• [Records drawn from a dataset]:
* * * * *

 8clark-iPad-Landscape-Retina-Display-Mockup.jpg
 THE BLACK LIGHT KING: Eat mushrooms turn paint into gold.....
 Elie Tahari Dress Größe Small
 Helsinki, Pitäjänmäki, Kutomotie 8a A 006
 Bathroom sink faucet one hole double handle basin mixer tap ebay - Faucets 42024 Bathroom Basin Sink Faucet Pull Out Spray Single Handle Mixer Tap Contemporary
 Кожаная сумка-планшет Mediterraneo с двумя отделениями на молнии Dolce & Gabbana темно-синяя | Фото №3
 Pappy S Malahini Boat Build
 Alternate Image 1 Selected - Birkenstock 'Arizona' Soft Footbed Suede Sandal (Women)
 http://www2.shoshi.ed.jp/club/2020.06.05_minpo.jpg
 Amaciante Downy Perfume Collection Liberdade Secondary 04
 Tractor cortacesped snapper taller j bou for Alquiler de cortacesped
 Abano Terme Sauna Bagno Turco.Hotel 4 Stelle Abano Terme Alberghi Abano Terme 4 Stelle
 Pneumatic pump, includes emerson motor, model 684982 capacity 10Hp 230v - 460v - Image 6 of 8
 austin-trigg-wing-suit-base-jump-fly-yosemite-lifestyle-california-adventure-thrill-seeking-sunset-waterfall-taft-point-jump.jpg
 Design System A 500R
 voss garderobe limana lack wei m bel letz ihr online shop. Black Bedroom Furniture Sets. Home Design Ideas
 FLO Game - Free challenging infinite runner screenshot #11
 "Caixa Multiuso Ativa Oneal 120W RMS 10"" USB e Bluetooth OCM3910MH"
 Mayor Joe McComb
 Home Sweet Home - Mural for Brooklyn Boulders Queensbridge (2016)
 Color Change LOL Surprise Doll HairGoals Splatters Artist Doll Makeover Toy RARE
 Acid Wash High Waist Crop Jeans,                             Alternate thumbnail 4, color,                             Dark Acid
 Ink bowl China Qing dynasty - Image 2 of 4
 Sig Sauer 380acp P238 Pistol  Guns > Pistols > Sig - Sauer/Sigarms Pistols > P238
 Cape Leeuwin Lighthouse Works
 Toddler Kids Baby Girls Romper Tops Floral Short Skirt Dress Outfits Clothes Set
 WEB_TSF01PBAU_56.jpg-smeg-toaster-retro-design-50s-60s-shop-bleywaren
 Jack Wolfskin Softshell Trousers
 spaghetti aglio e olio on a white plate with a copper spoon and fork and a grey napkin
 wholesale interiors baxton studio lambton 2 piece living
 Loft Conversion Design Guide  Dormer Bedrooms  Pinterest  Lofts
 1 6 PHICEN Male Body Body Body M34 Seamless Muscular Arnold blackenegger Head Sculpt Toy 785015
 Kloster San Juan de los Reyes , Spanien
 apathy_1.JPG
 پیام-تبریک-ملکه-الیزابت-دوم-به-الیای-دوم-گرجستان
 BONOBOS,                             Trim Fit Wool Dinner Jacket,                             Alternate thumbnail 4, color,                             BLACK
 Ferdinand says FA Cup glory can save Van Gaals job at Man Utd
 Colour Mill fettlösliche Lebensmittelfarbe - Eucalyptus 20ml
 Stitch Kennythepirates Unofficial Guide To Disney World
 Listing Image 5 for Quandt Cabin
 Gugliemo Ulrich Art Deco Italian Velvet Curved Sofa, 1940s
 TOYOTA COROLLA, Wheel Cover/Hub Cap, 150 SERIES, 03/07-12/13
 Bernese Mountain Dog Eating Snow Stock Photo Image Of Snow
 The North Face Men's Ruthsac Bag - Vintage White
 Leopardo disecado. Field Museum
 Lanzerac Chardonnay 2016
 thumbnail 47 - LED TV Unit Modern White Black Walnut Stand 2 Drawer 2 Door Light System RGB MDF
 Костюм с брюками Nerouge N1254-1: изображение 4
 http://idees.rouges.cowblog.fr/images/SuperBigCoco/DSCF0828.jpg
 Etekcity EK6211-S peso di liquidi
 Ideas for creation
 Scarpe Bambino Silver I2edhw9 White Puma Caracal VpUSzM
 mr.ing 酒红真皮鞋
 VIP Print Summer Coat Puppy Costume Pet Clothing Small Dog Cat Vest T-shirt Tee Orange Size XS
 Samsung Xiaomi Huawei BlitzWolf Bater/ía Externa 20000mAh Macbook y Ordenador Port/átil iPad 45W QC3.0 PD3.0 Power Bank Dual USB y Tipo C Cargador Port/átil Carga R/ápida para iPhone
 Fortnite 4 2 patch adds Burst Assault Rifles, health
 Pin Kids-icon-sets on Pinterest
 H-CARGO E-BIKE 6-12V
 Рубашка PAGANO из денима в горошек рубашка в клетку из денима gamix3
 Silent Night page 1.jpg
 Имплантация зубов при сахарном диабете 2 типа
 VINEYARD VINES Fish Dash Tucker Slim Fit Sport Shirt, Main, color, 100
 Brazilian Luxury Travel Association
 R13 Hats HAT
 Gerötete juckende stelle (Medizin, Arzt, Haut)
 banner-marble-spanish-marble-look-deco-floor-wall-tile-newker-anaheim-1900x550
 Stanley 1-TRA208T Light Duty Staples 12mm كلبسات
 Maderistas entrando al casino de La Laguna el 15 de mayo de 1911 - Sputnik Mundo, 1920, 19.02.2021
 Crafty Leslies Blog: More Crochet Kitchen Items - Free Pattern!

* * * * *

• [WORK ITEM]:
Please copy each line of the records above in which the word "Home" can be found.

• [TASK OUTPUT]:
 voss garderobe limana lack wei m bel letz ihr online shop. Black Bedroom Furniture Sets. Home Design Ideas
 Home Sweet Home - Mural for Brooklyn Boulders Queensbridge (2016)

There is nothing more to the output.